METHODS: A modified Delphi method was used to determine consensus among an expert panel, including hand therapists and hand surgeons, via two online surveys. A consensus paper steering committee (from the American Society of Hand Therapist's research division) designed the surveys and analyzed responses. Consensus was established as 75% agreement among the expert panel. Demographic information was collected from the expert panel.

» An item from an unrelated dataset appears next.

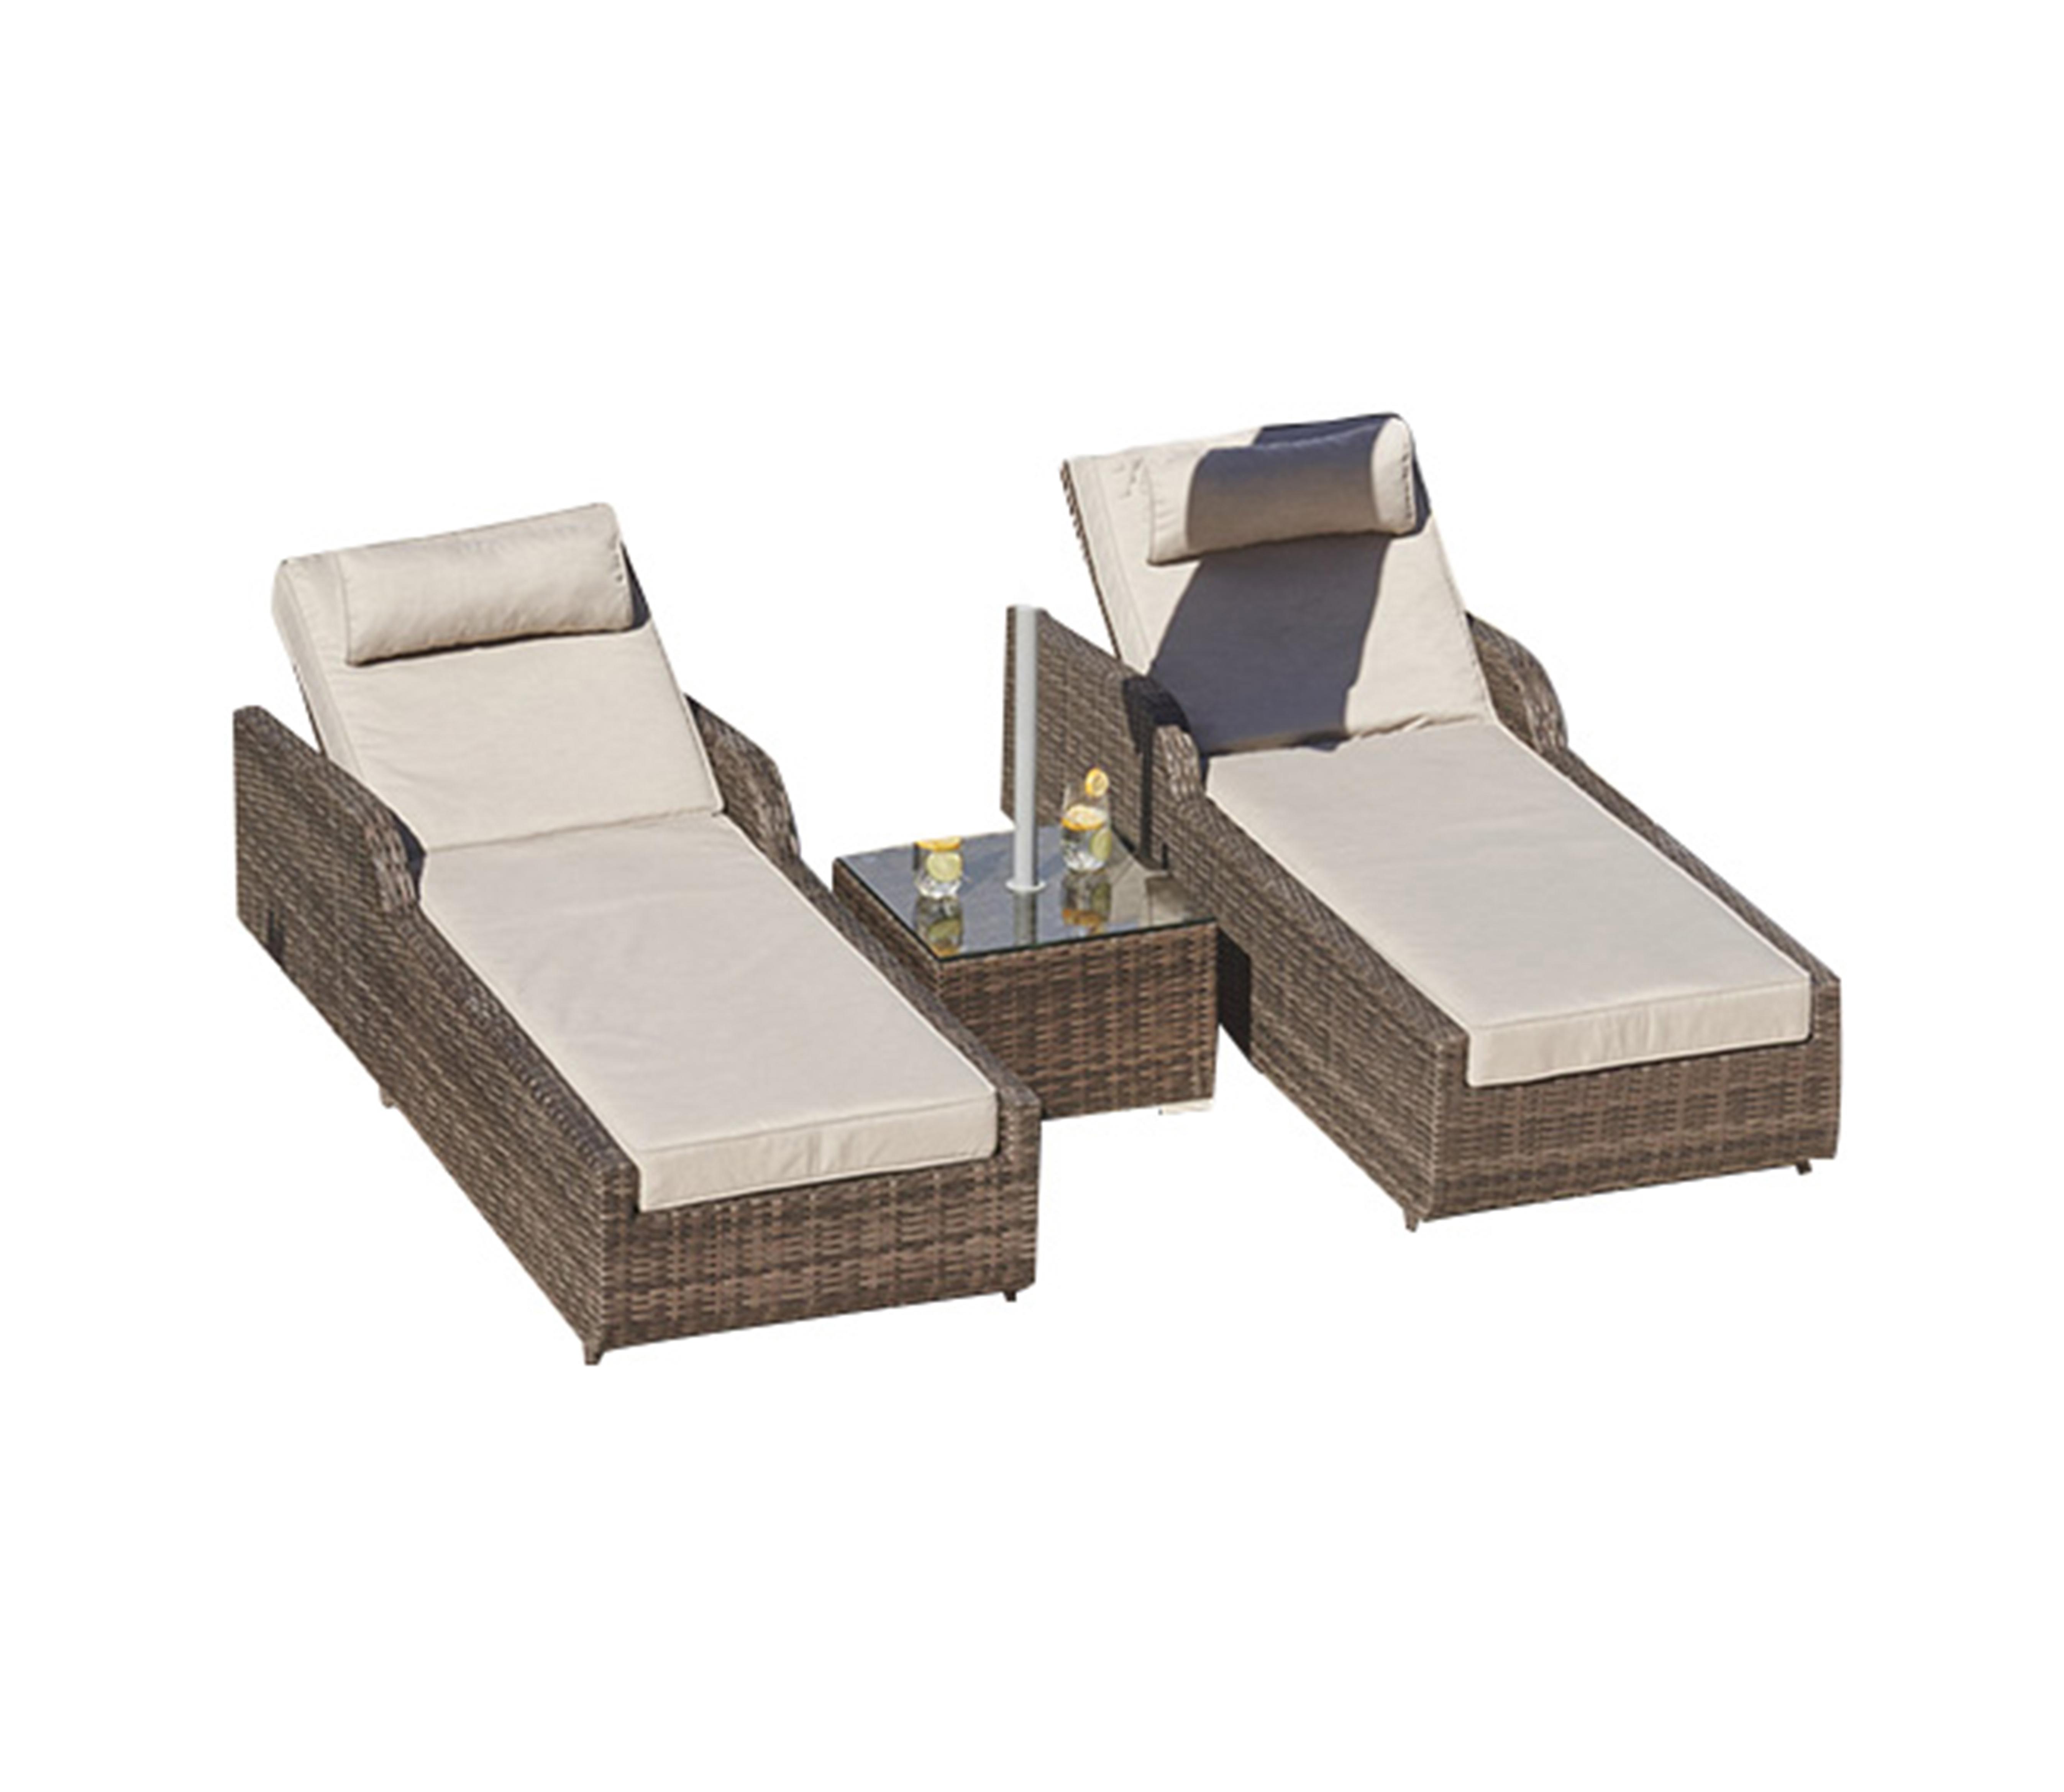 Outdoor Swimming Pool Rattan Furniture Sunlounger Set Buy Sunlounger Outdoor Furniture Outdoor Sunlounger Product On Alibaba Com
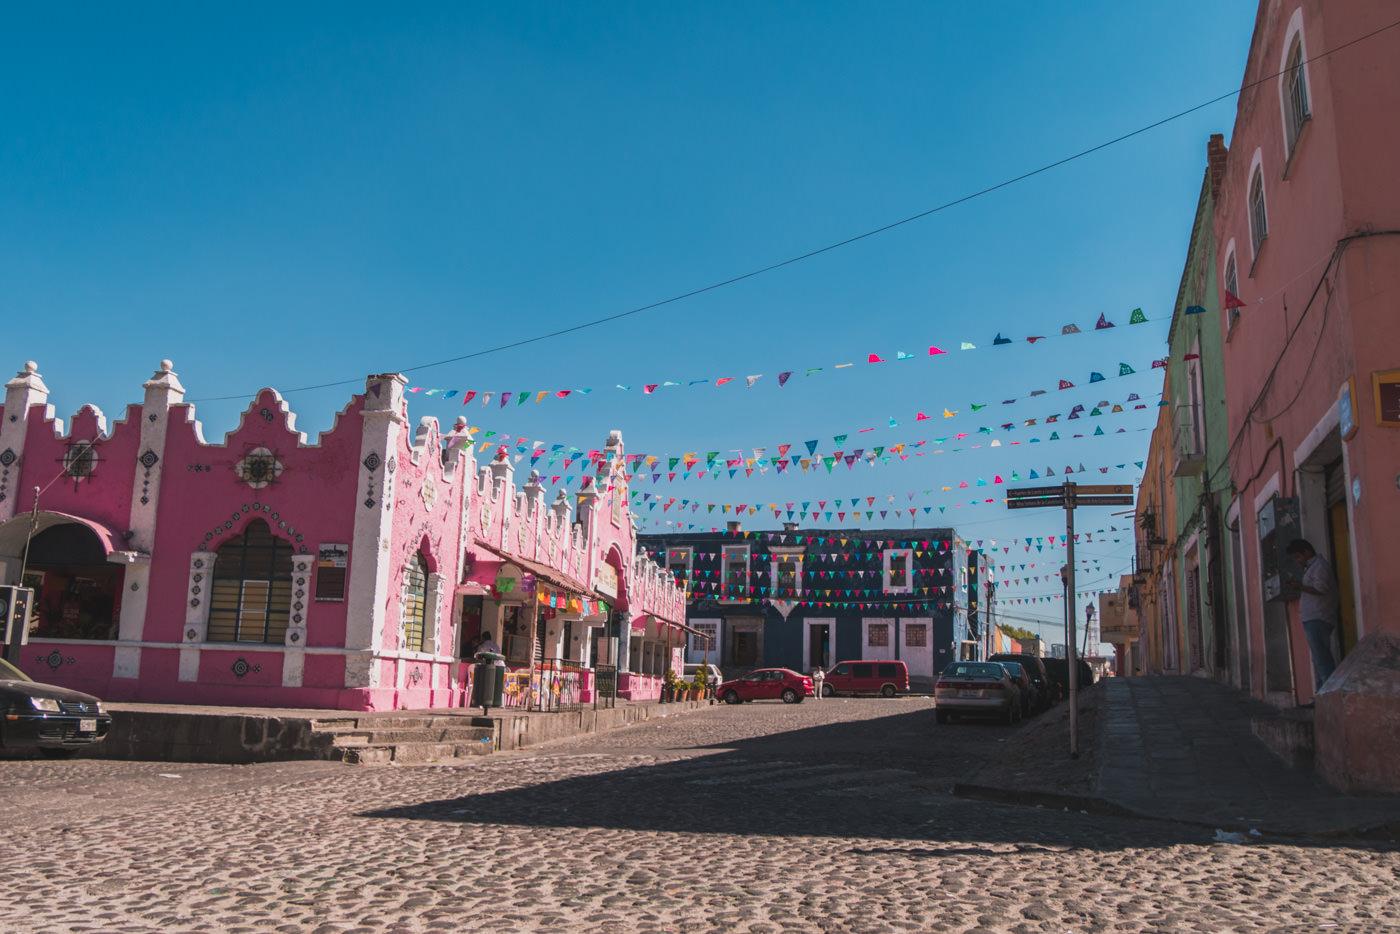 Pinkes Haus in Puebla

RESULTS: The expert panel included 34 hand therapists and seven hand surgeons. The survey response rates were 93.6% for the first survey and 90.2% for the second survey. Consensus recommendations were classified according to the World Health Organization categorization. These included evaluating the body structures for clinical signs/clinical testing and body functions for pain, range of motion for palmar abduction, radial abduction, opposition, and thumb metacarpal phalangeal flexion/extension, and grip and tripod pinch strength. Further consensus recommendations were for the assessment of function using a region-specific, upper extremity patient-reported outcome measure (activity and participation), environmental factors, outcome expectation, and illness perception within the patient's unique environmental and social contexts. Treatment recommendations included the use of an orthosis during painful activities, a dynamic stability program (stable C posture, release of tight adductors, and strengthening of stabilizers), patient education, joint protection techniques, adaptive equipment, and functional-based intervention.

CONCLUSIONS: The findings describe the consensus of a group of experts and provide a clinical reference tool on the hand therapy assessment and treatment of nonsurgical thumb CMC joint OA.